Programmi come il LAST o l’OPTIMAL possono essere presi da esempio per creare, a nostra volta, un intervento specifico sul posto di lavoro per persone affette da depressione. La partecipazione professionale è un’area occupazionale molto compromessa nei pazienti depressi, soprattutto a causa dei sintomi cognitivi; per questo motivo interventi mirati al luogo di lavoro e volti al potenziamento delle strategie e delle abilità potrebbero essere molto efficaci. Infine, ma non meno importante, vi è il lavoro di equipe. Come rilevato dallo studio di Sachie Tanaka et al., (2015), una combinazione di trattamenti selezionati può ridurre la preoccupazione del paziente rispetto alla sua condizione, migliorare la propria percezione della malattia e aumentare la motivazione verso il trattamento e la riabilitazione.

Per quanto concerne il TTM, è stata contattata l’ideatrice Birgitta Gunnarsson, che si è resa disponibile a recarsi personalmente in SUPSI per una conferenza sul suo metodo, che probabilmente si potrà tenere nel 2020.

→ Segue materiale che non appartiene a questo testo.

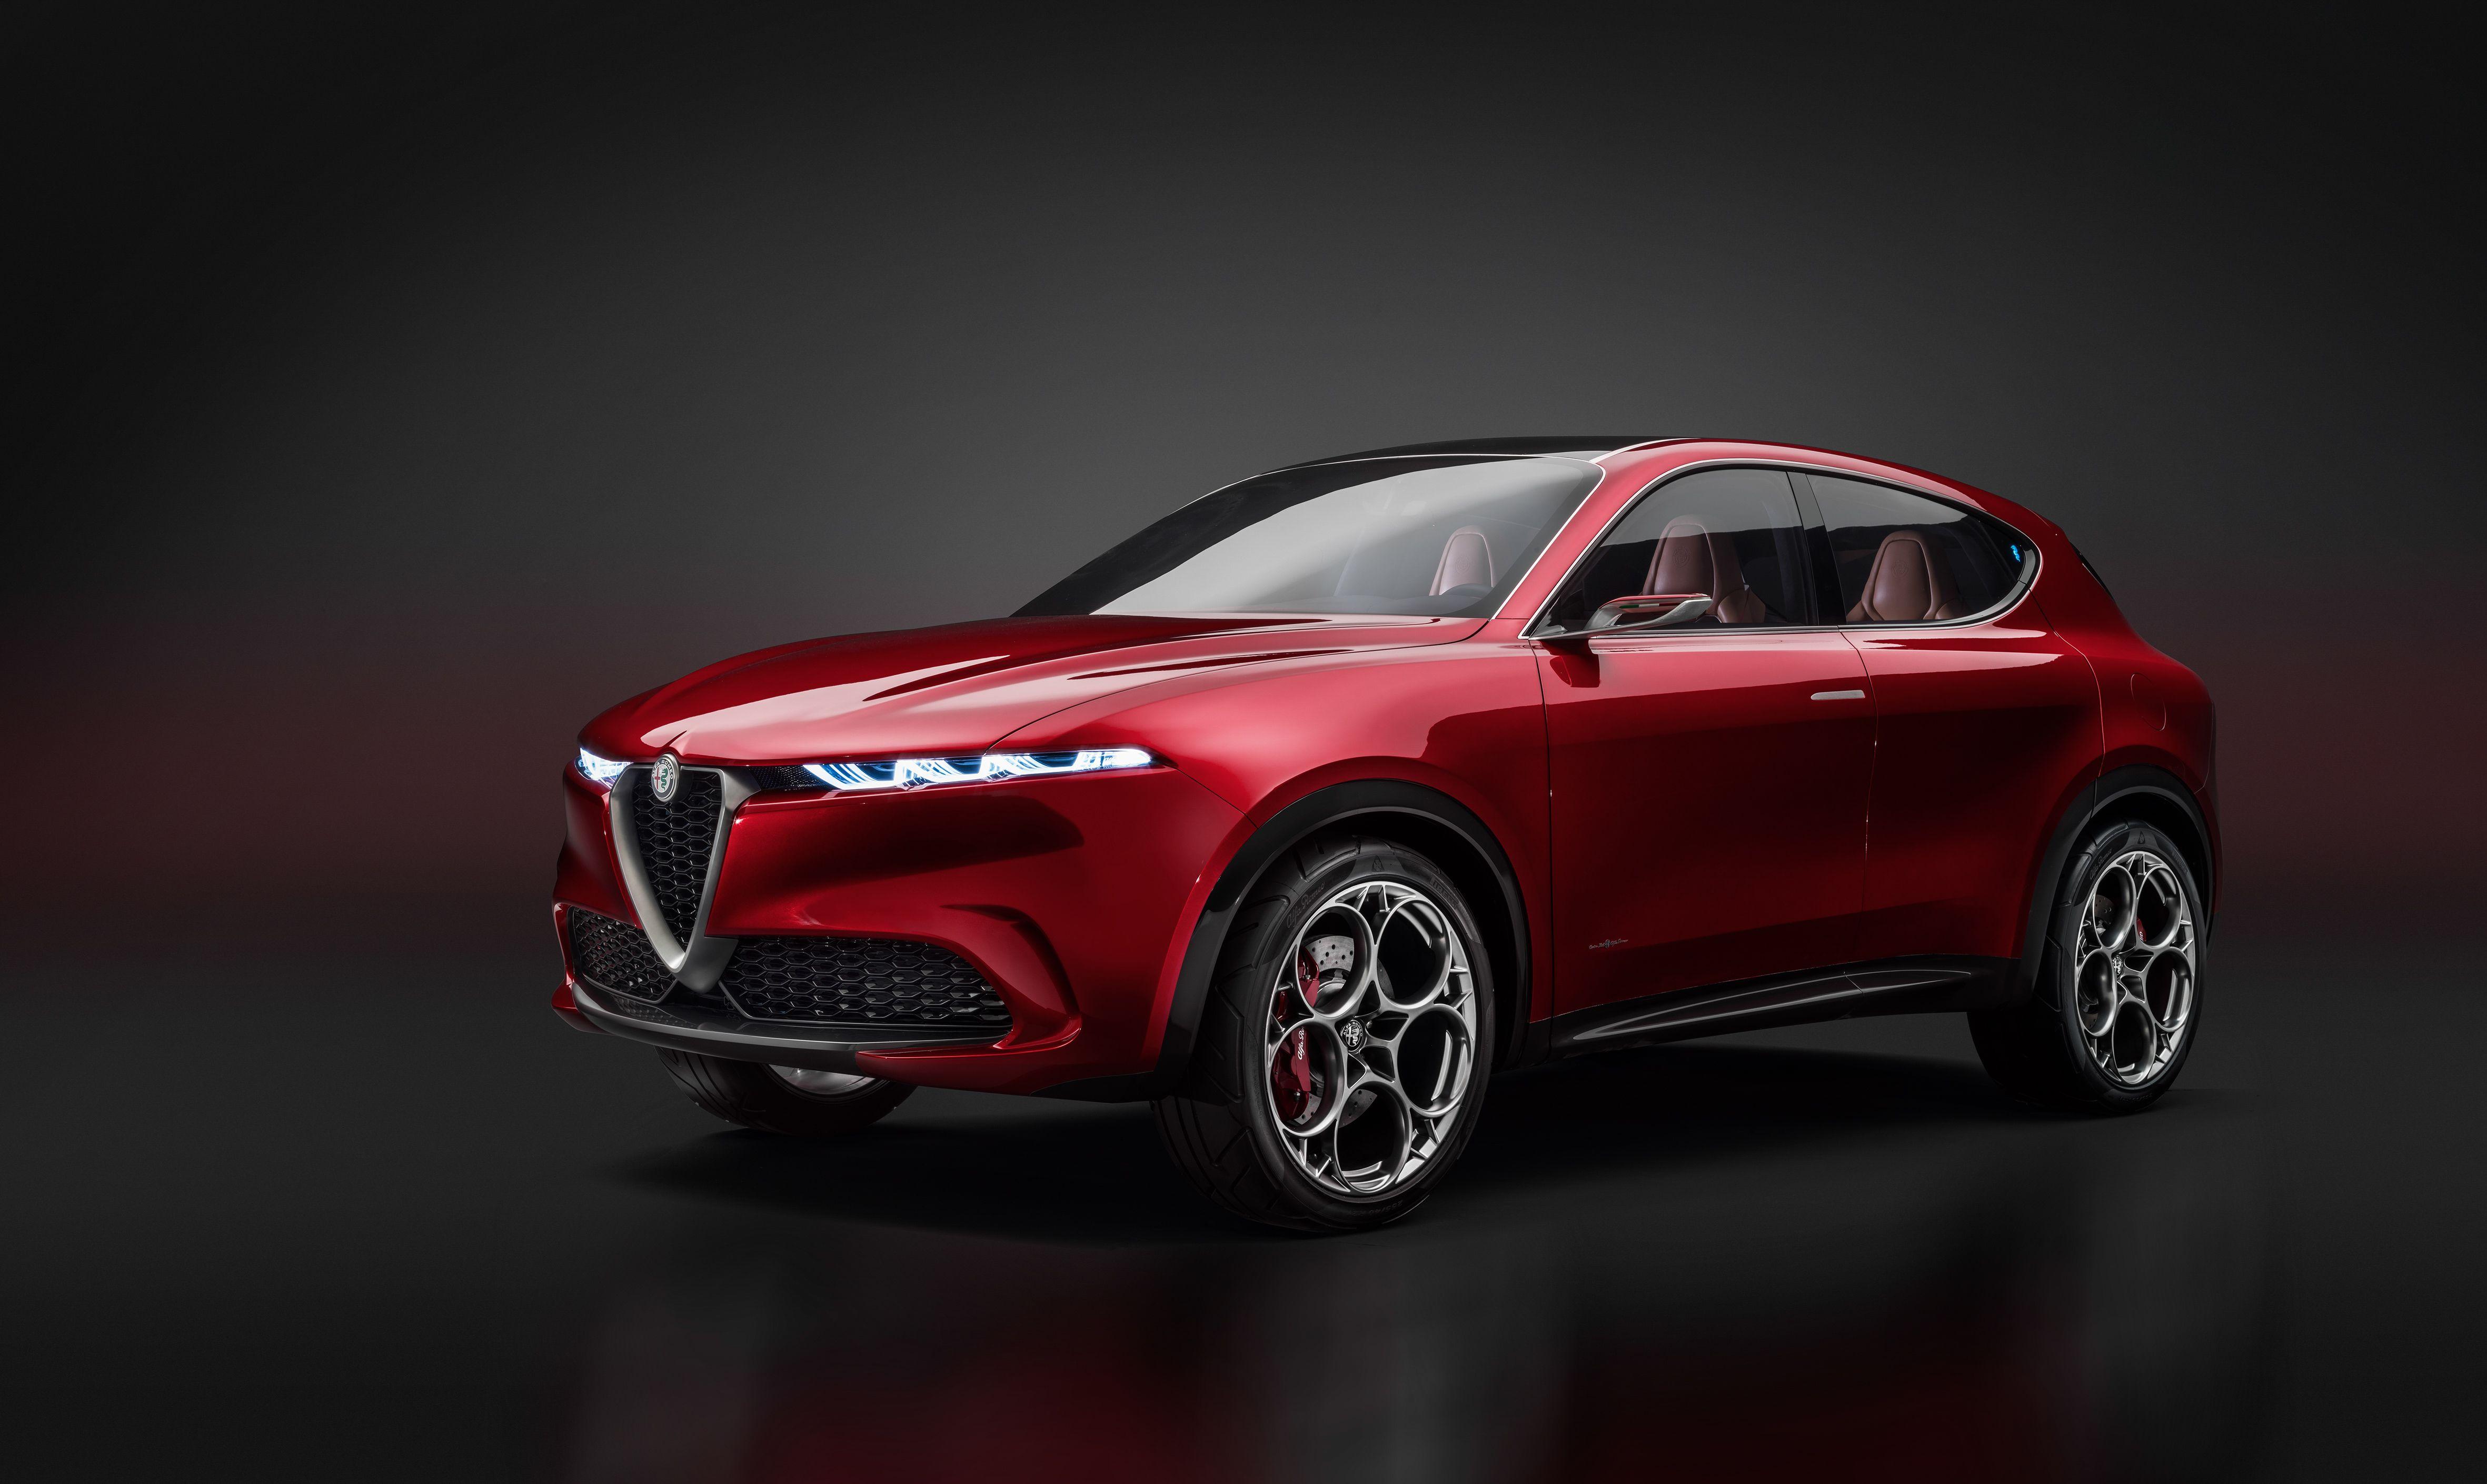 2021 Alfa Romeo Tonale What We Know So Far
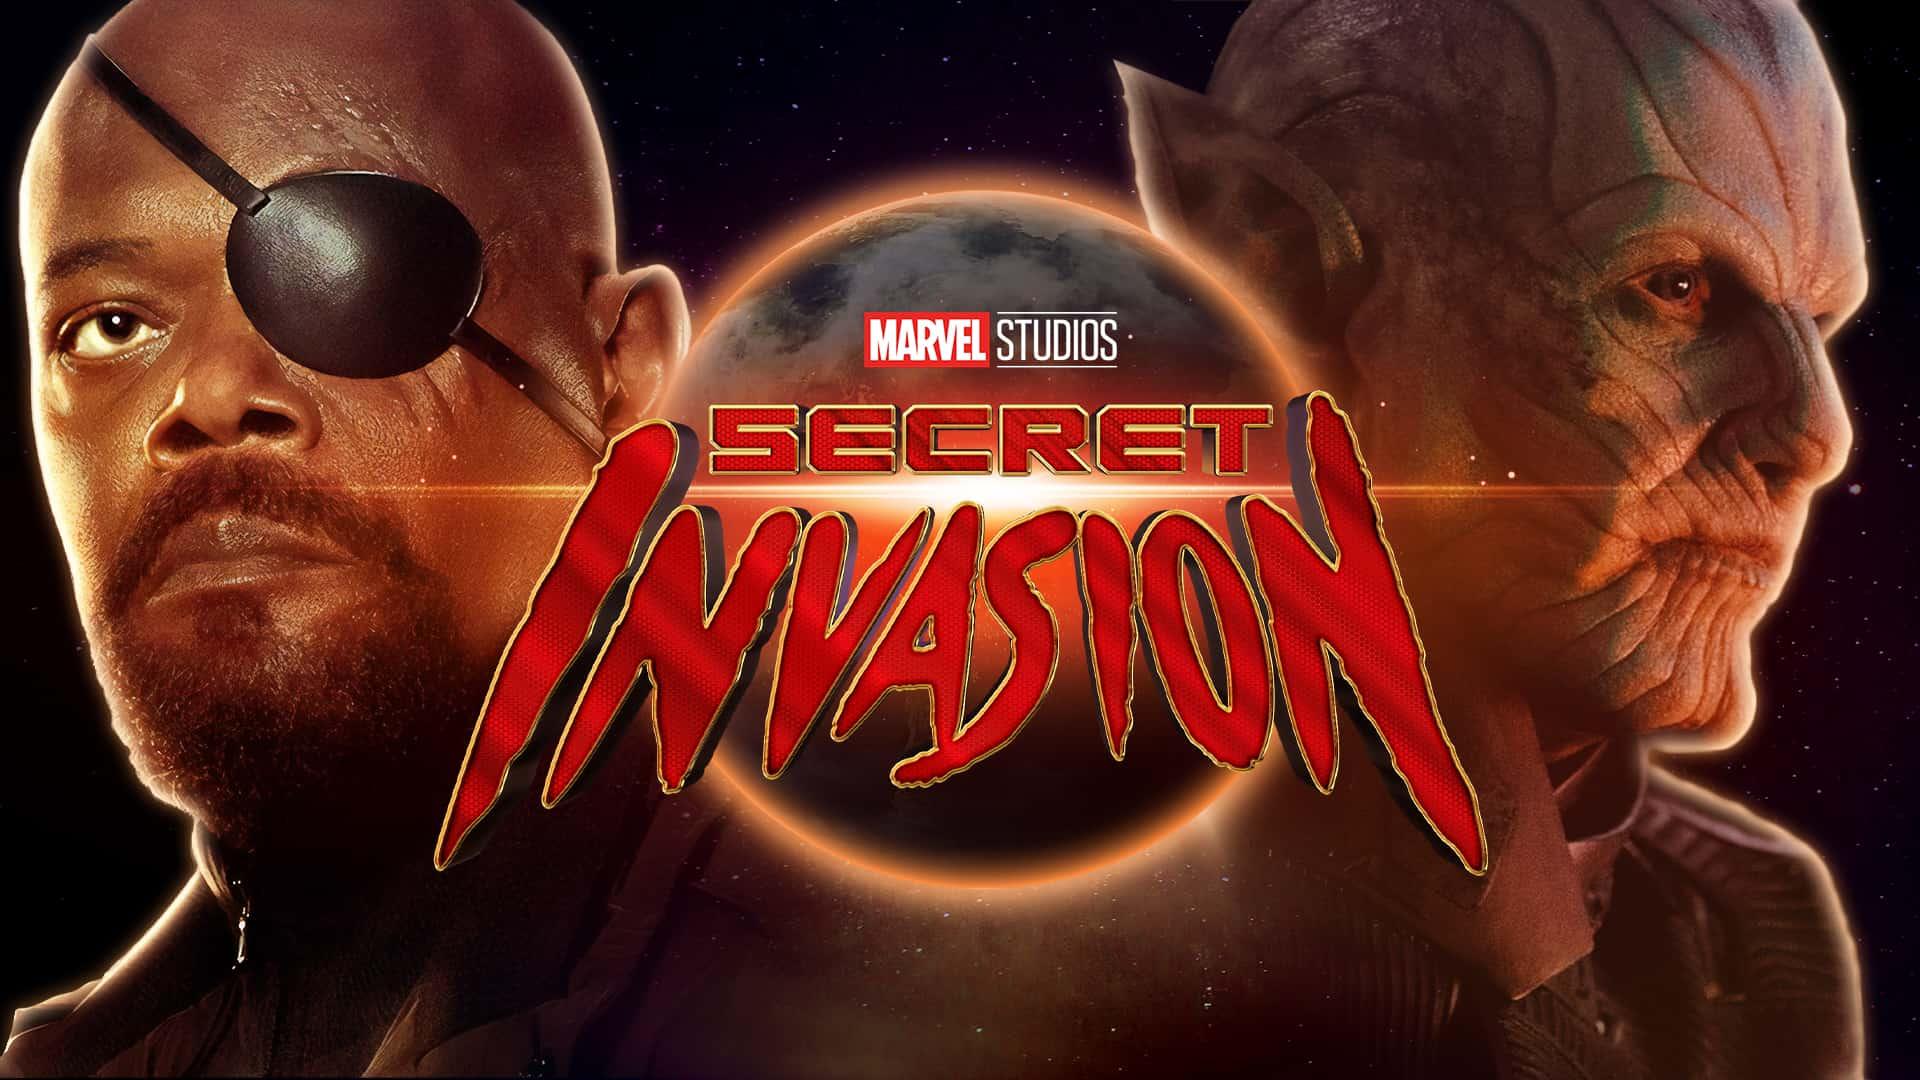 1634636084 97 Secret Invasion According to Samuel L Jackson the filming of

Differentemente da ciò che si decide di offrire al paziente, è importante essere sempre guidati dal principio di centralità della persona. Il cliente, con la sua storia e la sua unicità, è il protagonista del processo di cura, mentre il terapeuta è semplicemente un facilitatore di questa trasformazione. Ma soprattutto non ha senso insistere nel curare pazienti con cui, al di là delle nostre competenze e del nostro impegno, non si è creato un clima di reciproca fiducia (Borgna, 2017). Gli intrecci emozionali, la predisposizione personale, la presenza, o meno, di consonanze o dissonanze con le persone che curiamo hanno una profonda importanza nel facilitare, o nell’ostacolare, lo svolgimento della cura; e la fiducia ne è condizione necessaria (Borgna, 2017).